Although regarded as conservative treatment, casting is not without risk. Injuries may be sustained during application, during cast valving, through the immobilization process, or during cast removal. We developed an experimental model to investigate safe parameters for the appropriate length of time between fiberglass cast application and bivalving for cast saw use.

METHODS

A hospital sheet was rolled into a mock "arm" on which short-arm fiberglass casts were formed. An appropriate cast saw technique was used with complete withdrawal of the saw blade from the cast material between cuts. A total of 10 casts were made for control/no vacuum (N = 5) and study/vacuum (N = 5) groups. The temperature of the saw blade was measured at 1-minute increments beginning at 3 minutes after fiberglass submersion in water.

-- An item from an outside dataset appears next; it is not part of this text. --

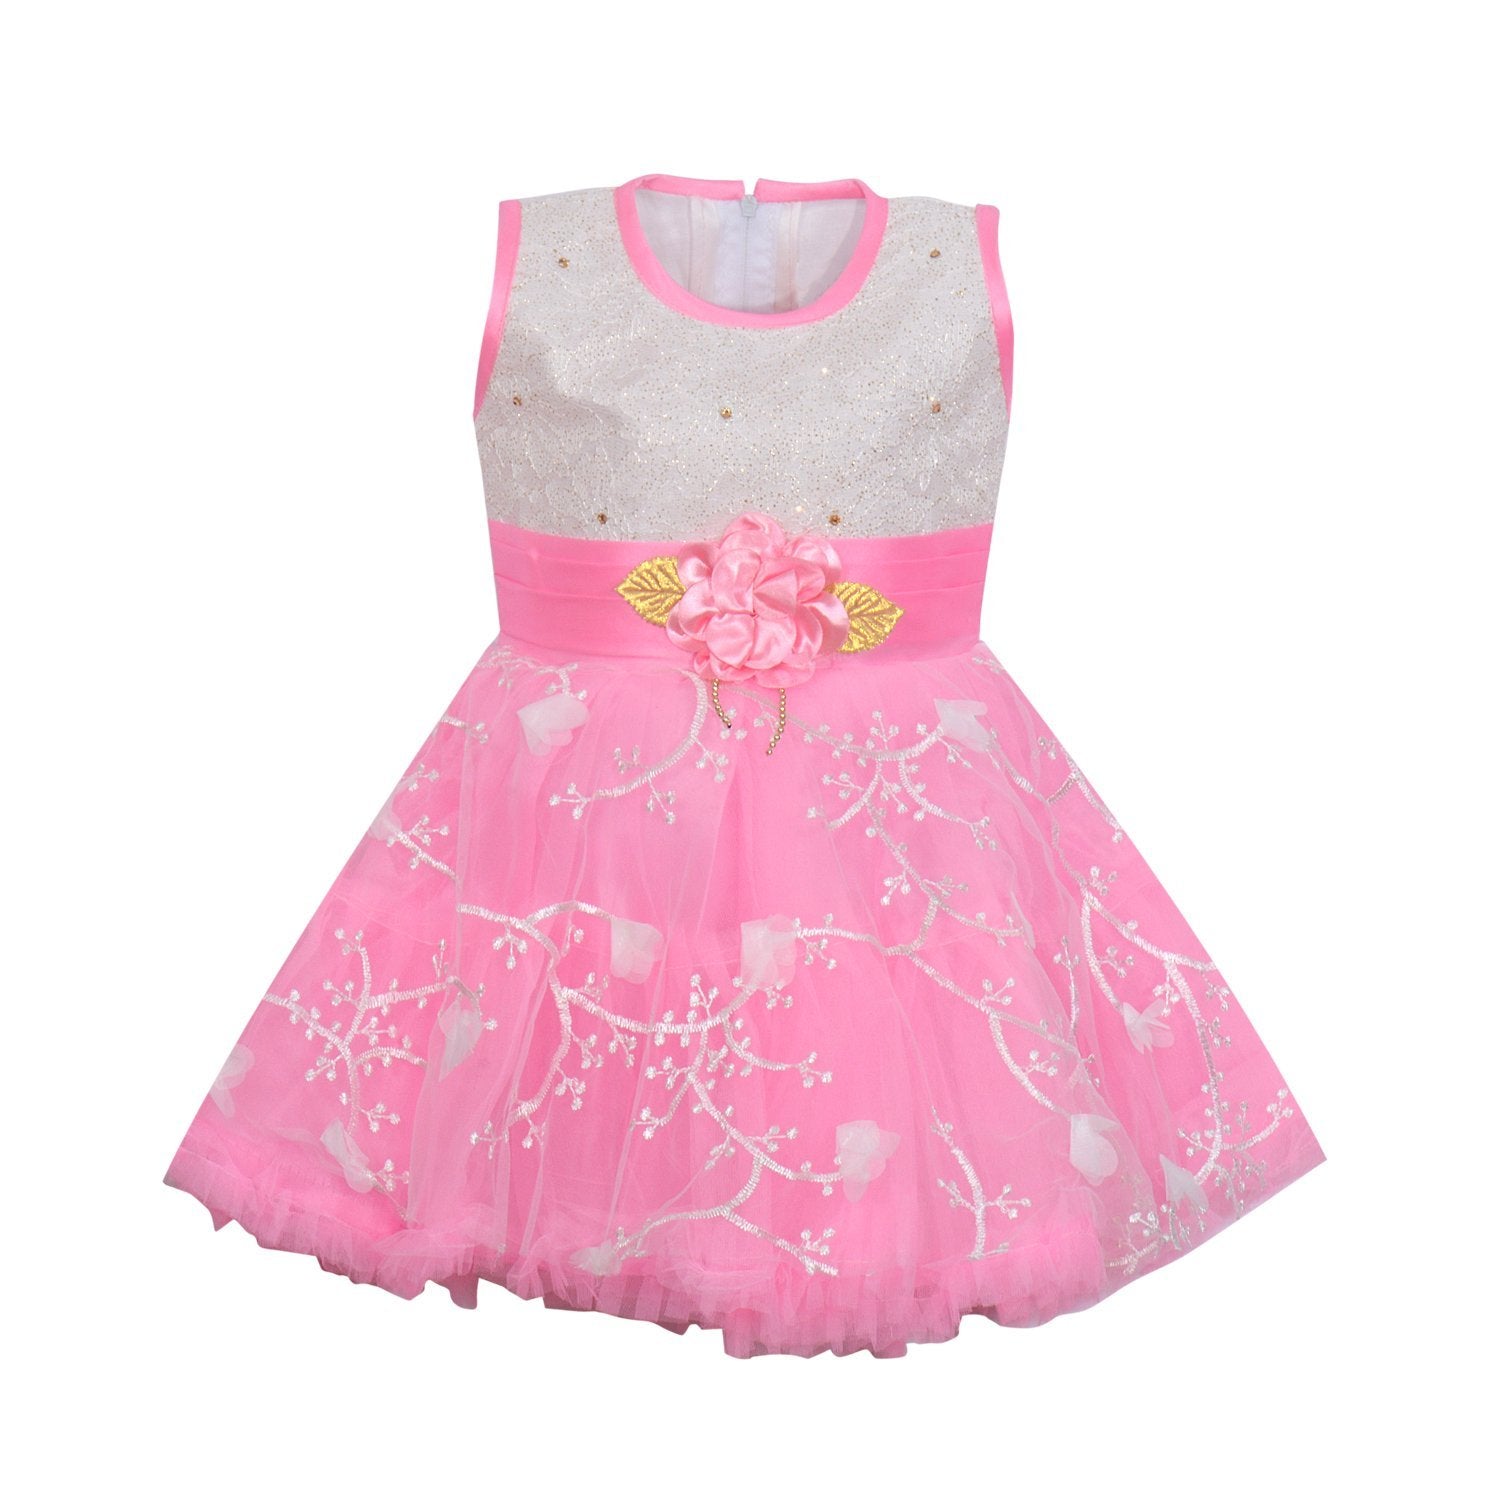 Baby Girls Party Wear Frock Dress fe2172bpnk -  Wish Karo Dresses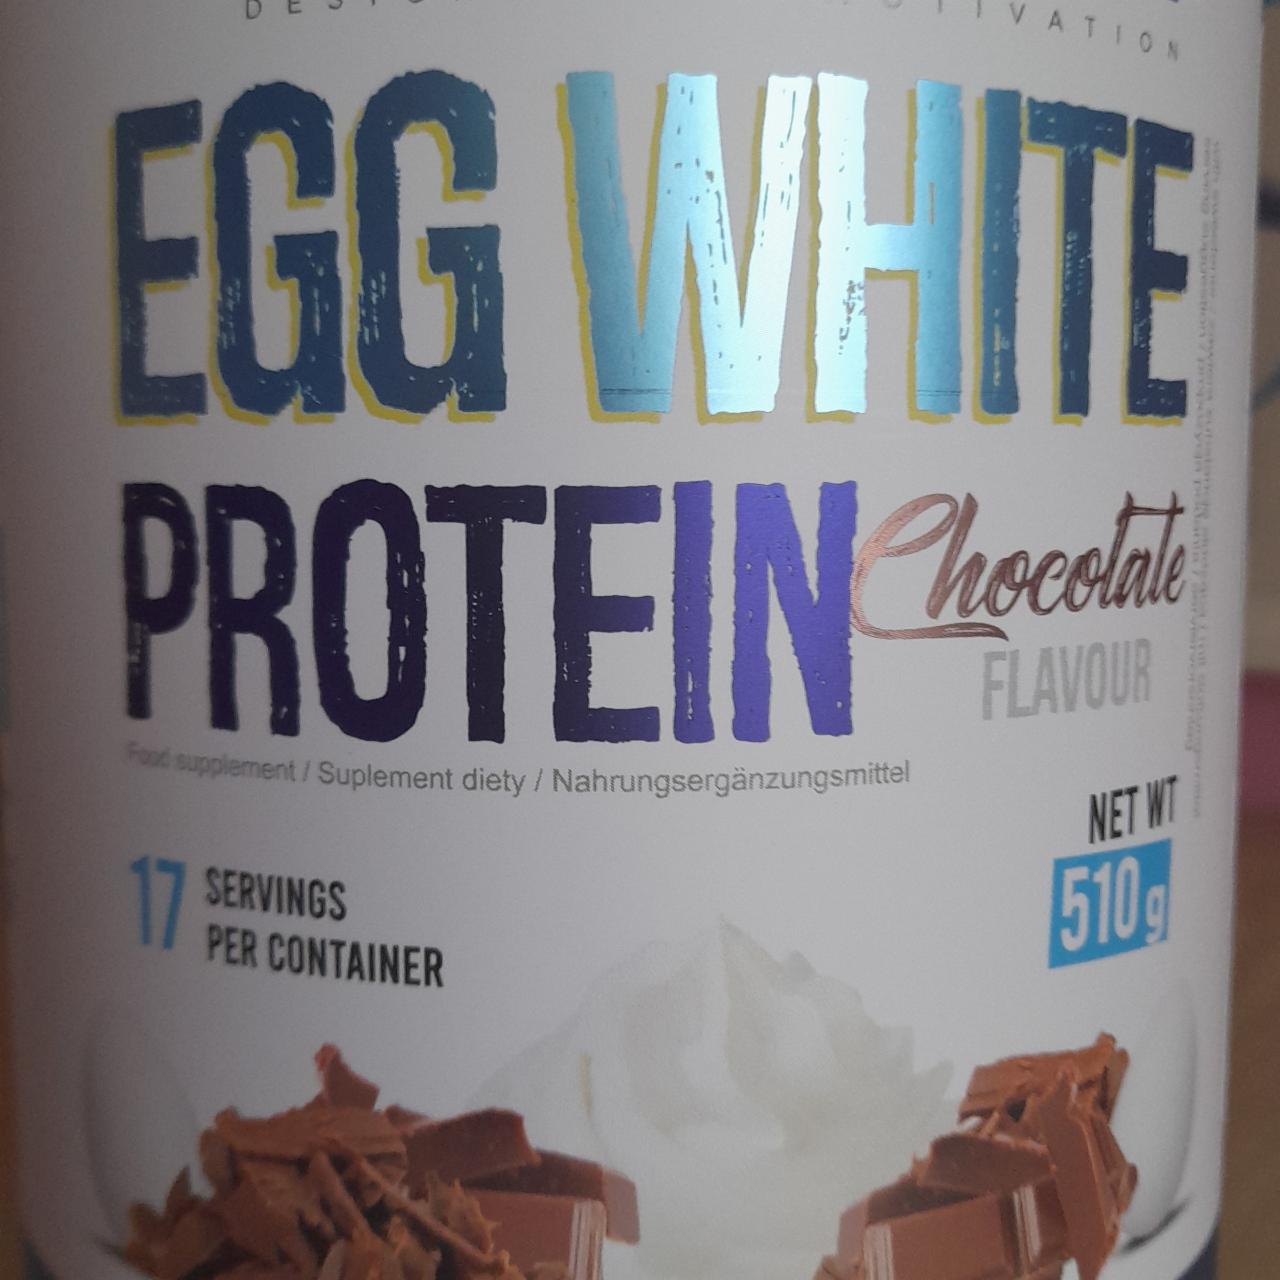 Fotografie - Egg white protein Chocolate flavour Allnutrition

A mixed factor analysis of variance assessed differences in temperature change over time between groups with a statistical threshold of P < 0.05.

RESULTS

Casts that set for 7 minutes were associated with lower blade temperatures compared with casts that set for 3, 4, 5, and 6 minutes. The average temperature increases for the 3- to 7-minute set times without the use of vacuum were 10.08 (± 1.42), 9.38 (±1.31), 9.32 (±1.85), 8.54 (±2.10), and 5.62°F (±2.42), respectively, and with the use of vacuum, they were 9.40 (±1.14), 8.36 (±1.64), 7.84 (±2.05), 7.30 (±3.14), and 4.82°F (±2.59), respectively. Independent of vacuum use, the change in temperature was significantly different from the maximum temperature (3 minutes) beginning at 7 minutes (all P < 0.043).

DISCUSSION

A minimum of 7 minutes of set time for a fiberglass cast before attempting to bivalve using segmented cuts is associated with the smallest increase in temperature of the saw blade. Blade temperature was not affected with the vacuum enabled. Clinicians can demonstrate best practices to minimize the risk of cast saw injuries.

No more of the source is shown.